りいん――
澄んだ音が境内に響いた。
灯籠の灯りが闇に浮かぶ。
朱塗りの鳥居、石畳の広い参道、全てが闇の衣を纏っている。
朝町の一角にある神社の境内は昼間の縁日の喧騒がまるで幻だったかのように静まり返っていた。
りいん――
また、澄んだ音色が境内に響く。
時を忘れたかのようにただ風鈴の音だけが木霊する、そんな夜の神社。
そんな中静寂を破るように、さくさくさくと軽やかな足音が聞こえてくる
「やっぱり、縁日の後だとみんなはしゃいでるんだなあ」
感嘆したように足音の主は独り言を呟いた。
伸ばした長い緑の髪が緩やかな風になびくのが暗がりの中に映える。
昼間は縁日で賑わったこの場所も、今騒がしく行き交っているのはどうやら風の精霊だけのようだ――そう彼は風の精霊の意思を感じながら思う。
風の流れを彼は意思として感じ、言葉として聴く事が出来る。
風龍である彼――風矢には。
「っと……こんな事してる場合じゃないよな」
同属である風の精霊の予想以上の盛り上がりに暫し感覚を寄せていた風矢は、しかし本来の目的を思い出すとそのまま境内へと続く石畳の参道を真っ直ぐ進む。
ある龍に頼まれた重要な場所へ真っ直ぐ進む。
青白く浮かぶ石畳の参道を進んだその先にある本堂、その真正面まで来ると風矢は暗がりの中、月の微かな光を頼りにキョロキョロと辺りを見回す。
「これ……かな?」
とりあえずは、目当てのものだろうか。

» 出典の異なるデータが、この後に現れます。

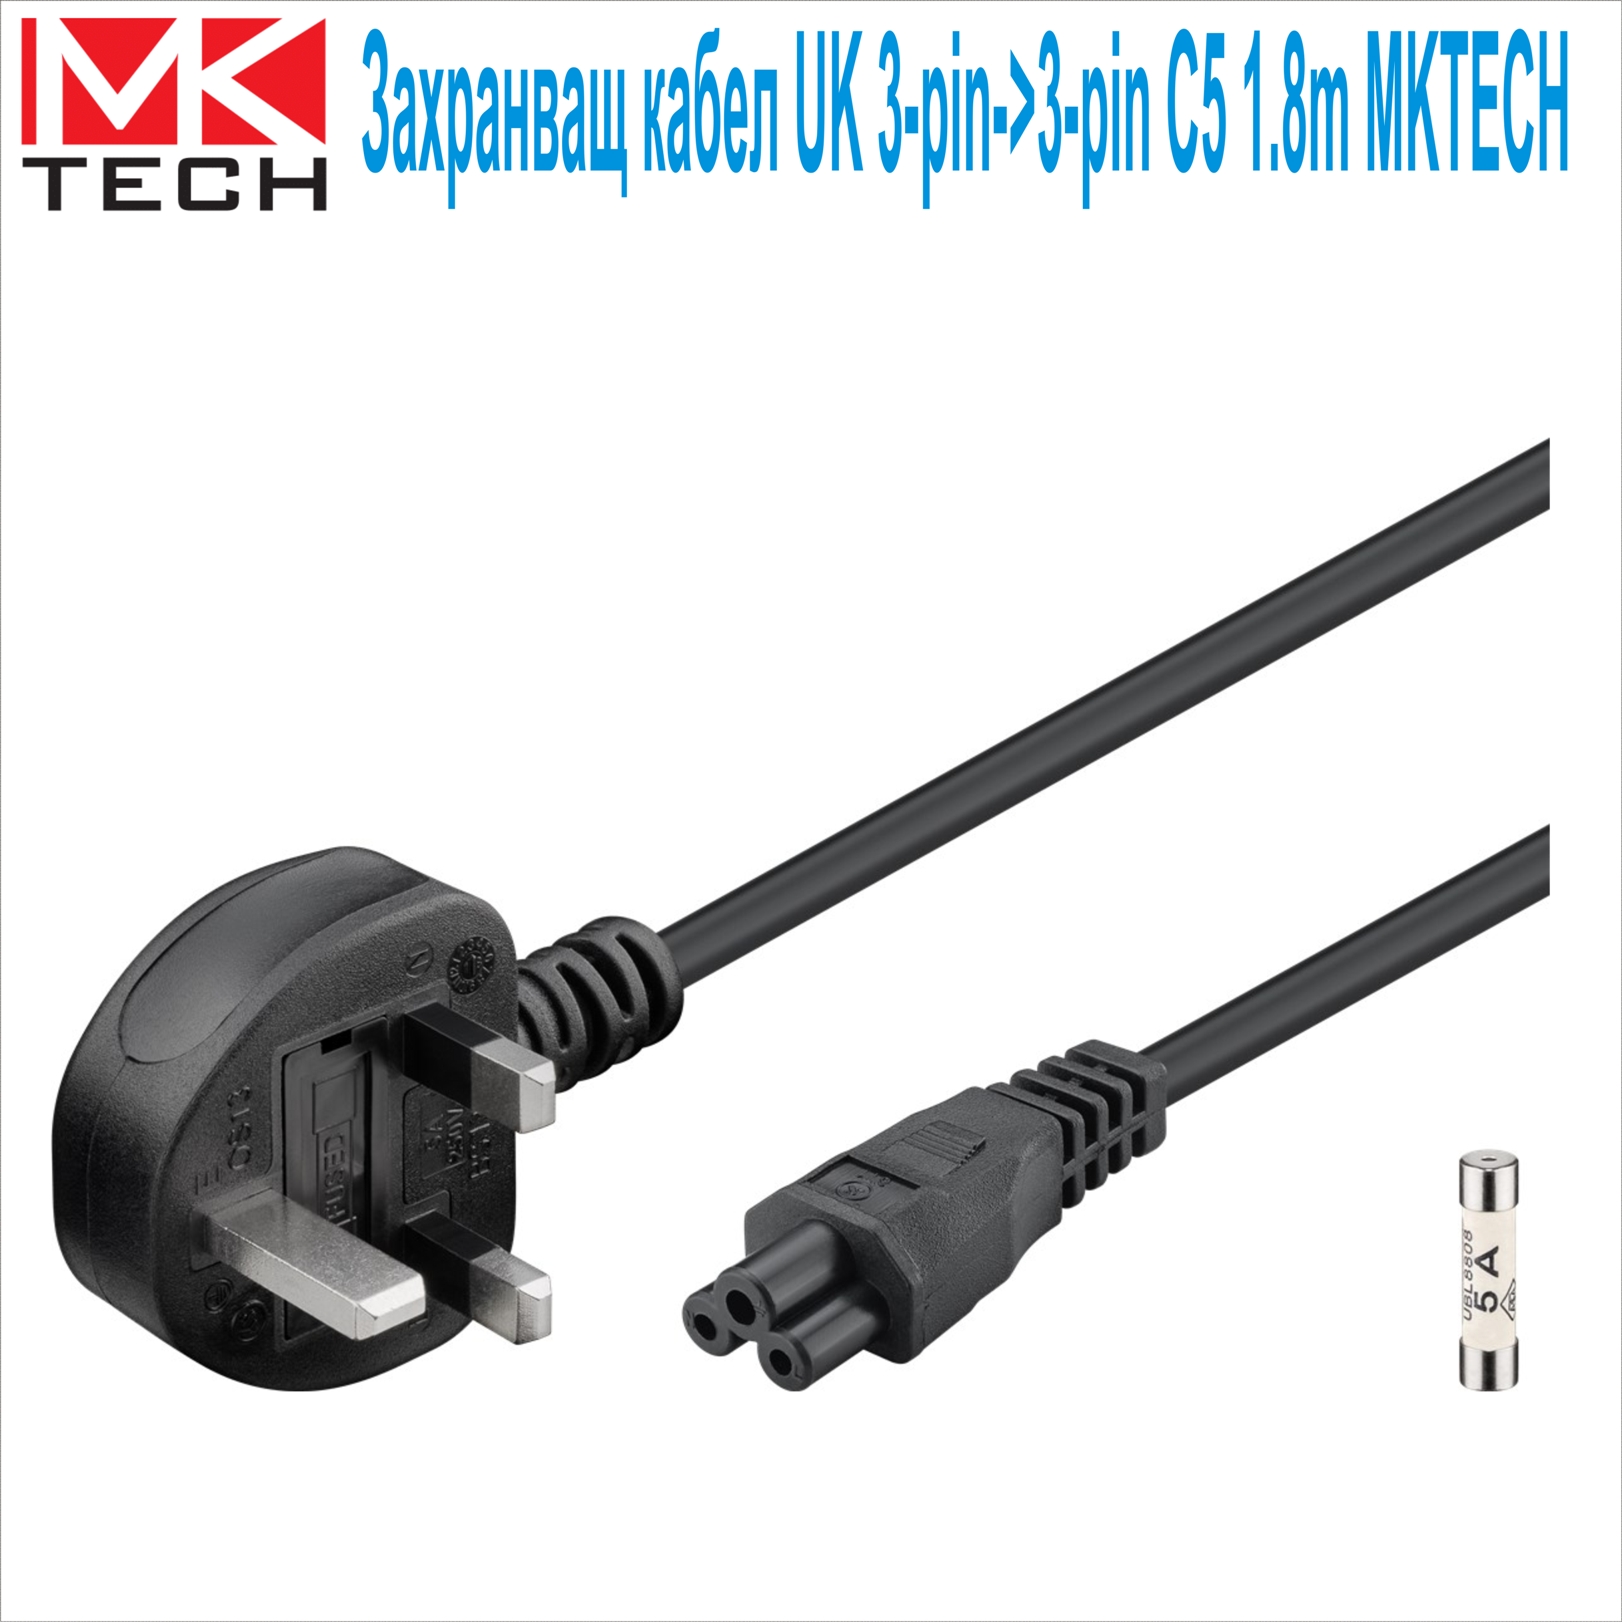 Захранващ кабел UK 3-pin->3-pin C5 1.8m MKTECH

頼りない光の中で働く目の働きを精一杯に働かせて、記憶している条件に合致してものなのかどうかを確認する
幾重にもリングが重なって一つの球体を成した奇妙な器具。
「この地球儀……だっけ?みたいなものが――」
「それは渾天儀……どすなあ」
小さく、しかし妙に明瞭なトーンで聴こえてくる涼やかな独特の訛りある声。
「え?」
聞きおぼえがあるような……そう感じている間にも、涼やかな声が耳に入りこむ。
「昔のある大陸の人々が宇宙に想いを馳せて地上の動きを想像して作った模型……地球儀の前身の一つどすなあ」
「っっ!!どど…ど、どうして……」
風矢のクールな佇まいが一瞬で崩壊する。
過剰なくらいのリアクションで後ろを振り返ると、整った顔を強張らせながら問い掛ける。
「どう……して、貴女がここにいるんですか!?」
知らない者同士では無かった。直接の面識こそあまり無いものの、風矢自身のマスター、そして同居する悪友とも言うべき光龍地龍たちを通じて話を聴いていた事はある。
それこそ漆黒がそのまま人型になったかのような、腰の下まで伸びる長髪。濃紺の絢爛な布地が使われた独特の衣装――振袖を纏い、細い腕と顔は異様なほどに白い。
「ごめんやす、風矢はん」
そう言って穏やかに微笑む。唇と双眸の鮮やかな赤さが印象的だった。
142番地の教皇のところの闇龍至和子。それが彼女の名だった。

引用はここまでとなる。